Ecosyste.ms: Awesome

An open API service indexing awesome lists of open source software.

Awesome Lists | Featured Topics | Projects

https://github.com/ShengHow95/simple-selenium-sgx-crawler

Web Crawling on SGX website using Python Selenium
https://github.com/ShengHow95/simple-selenium-sgx-crawler

Last synced: about 1 month ago
JSON representation

Web Crawling on SGX website using Python Selenium

Awesome Lists containing this project

README

        

# simple-selenium-sgx-crawler
By: Kong Sheng How

#### Prerequisite:
1. Google Chrome Version 83.0.4103.97
2. [Chrome Driver 83.0.4103.39](https://chromedriver.chromium.org/) (select compatible version)
3. Python Selenium Package (“pip install selenium”)

#### Project Objective:
1. Python program to download data from https://www2.sgx.com/research-education/derivatives with command line options

#### Project Detail:
This project will use web crawler (selenium) to crawl for the respective files/data needed with Google Chrome. Include the python script and chromedriver.exe in the same folder as the python script will specify the location of chromedriver.exe.

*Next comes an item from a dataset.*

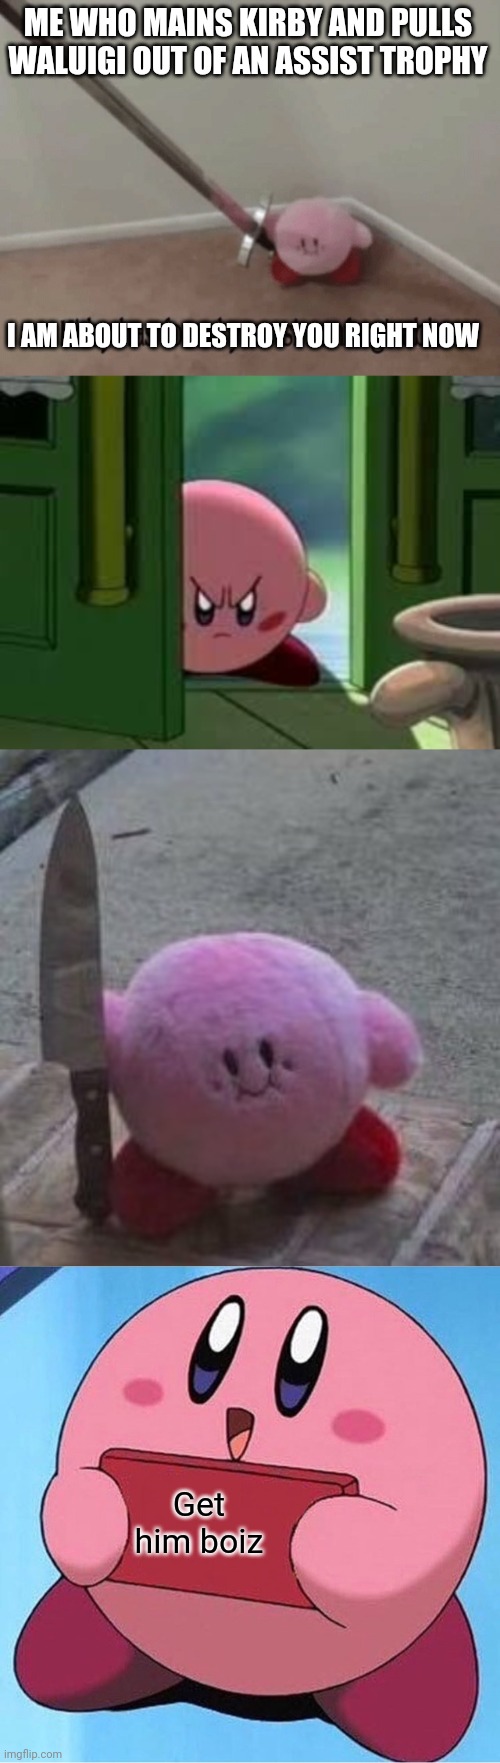 ME WHO MAINS KIRBY AND PULLS WALUIGI OUT OF AN ASSIST TROPHY I AM ABOUT TO DESTROY YOU RIGHT NOW Get him boiz | image tagged in kirby has found your sin unforgivable,pissed off kirby,creepy kirby,kirby holding a sign | made w/ Imgflip meme maker

#### Command Line Options:
User can define runtime behavior, what data and how many data to download through command line options.
The command line options provided are:

| Option | Description |
| ------ | ----------- |
| `-wt / --waittime [float]` | Time for selenium web driver to wait for missing element(s) implicitly (Default: 5 seconds) |
| `--type-of-data [string]` | Type of data to retrieve (Default: all), Options: {Tick, TickData_structure, TC, TC_structure, All} |
| `--number-of-dates [int]` | Number of dates to retrieve (Default: -1, for all available dates), Options: {-1, 1, 2, 3, 4} |
| `--headless-mode` | Headless mode (Run in background without opening the browser) |

** `--headless-mode` is not recommended as the browser in that mode will download only 1 file if the the files to be downloaded are of the same name. (e.g. TC_structure.dat or Tick_structure.dat)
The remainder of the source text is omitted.